De nombreux entrepreneurs sociaux agissent pour que la notion d’éducation ne soit plus seulement assimilée à l’instruction. Le socle d’apprentissage transmis à l’école est plus que jamais indispensable, mais il n’est plus suffisant dans un monde en perpétuel mouvement. Nous ne sommes plus dans une société où l’on apprend une compétence, un métier ou une profession pour la vie. Selon un rapport publié en 2017 par Dell Technologies, 85% des emplois de 2030 n’existent pas encore. Dès lors, la réussite se mesure par la capacité à s’adapter aux situations changeantes, et non par l’efficacité dans la répétition. Alors, comment préparons-nous les jeunes à ce nouveau terrain de jeu, qui se définit par la volatilité, l’incertitude, la complexité et l’hyper-connectivité ?

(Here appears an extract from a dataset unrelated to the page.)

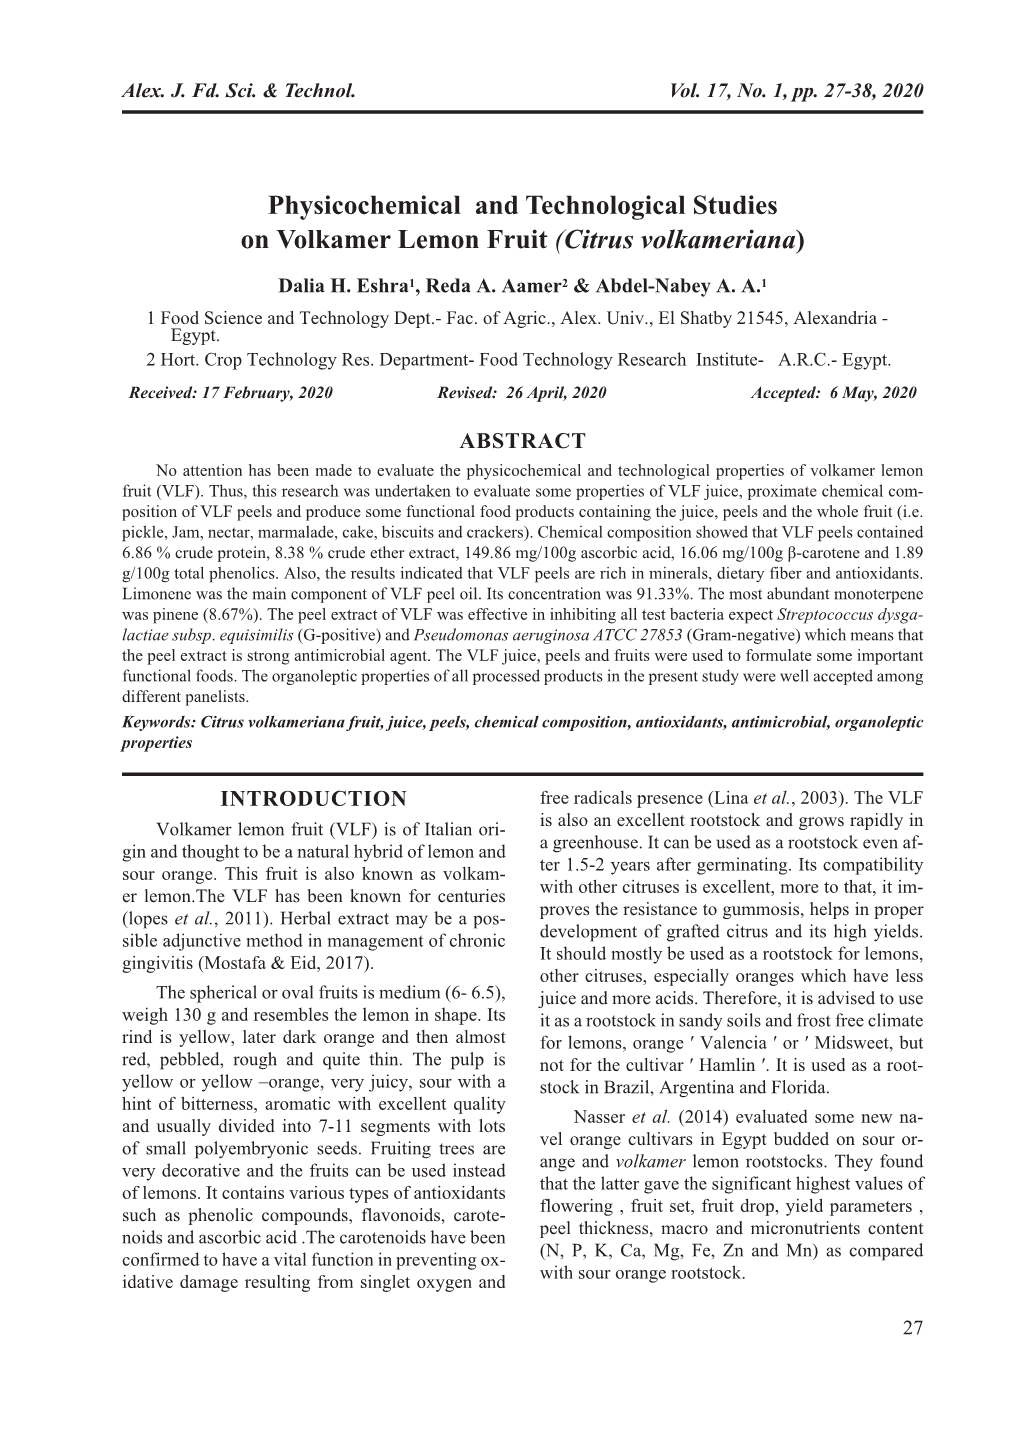 Physicochemical and Technological Studies on Volkamer Lemon Fruit (Citrus Volkameriana)
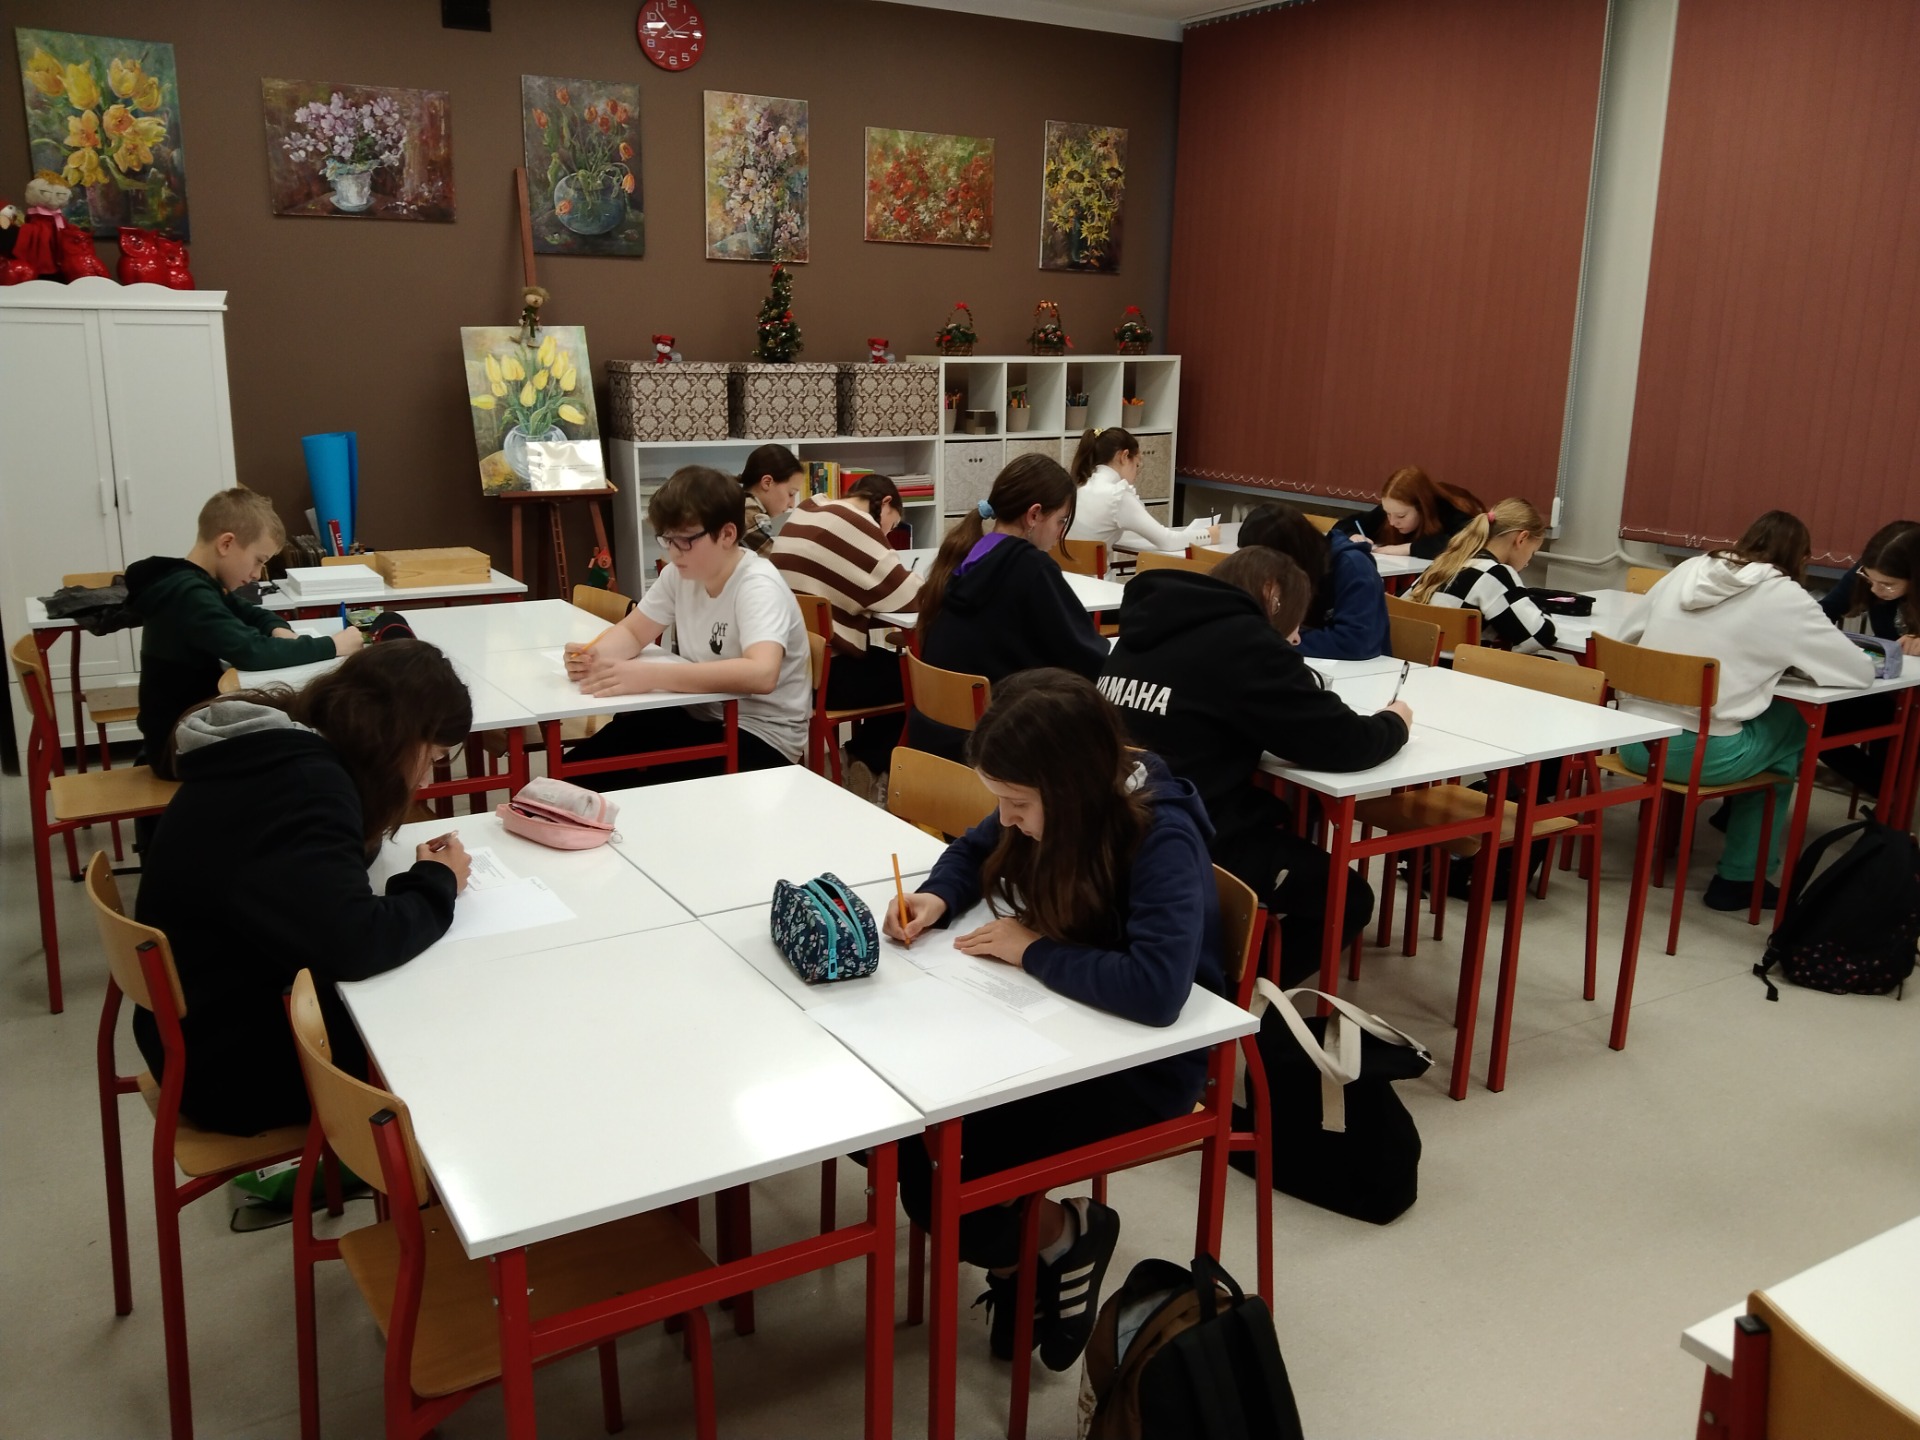 zdjęcie przedstawia uczniów, którzy siedzą przy ławkach i piszą prace literackie na kartkach

Depuis près de 40 ans, Ashoka accompagne les entrepreneurs sociaux qui initient ce mouvement. Dans le monde, ils sont 18% à travailler autour de l’éducation et de la jeunesse. Ils visent à donner aux jeunes les moyens de devenir des acteurs du changement. De fait, ils créent les voies leur permettant de développer les connaissances, les compétences, les attitudes et les valeurs qui sont essentielles pour oser agir et être force de transformation.

Dans un monde en mutation, veillons à ce que chaque jeune soit équipé et enclin non seulement à s’y adapter, mais aussi à créer le changement lui-même.

Propos recueillis par Sarah Pineau, Yoann Drouard et Maylis Trassard.

Qui sont les Fellows Ashoka ?

Les Fellows Ashoka cherchent à résoudre les problèmes sociaux, environnementaux ou sociétaux à la racine, pour réparer durablement les dysfonctionnements d’un système. Ils mettent tout en œuvre pour partager leur impact au-delà de leur propre organisation, et changer la norme dans leur secteur.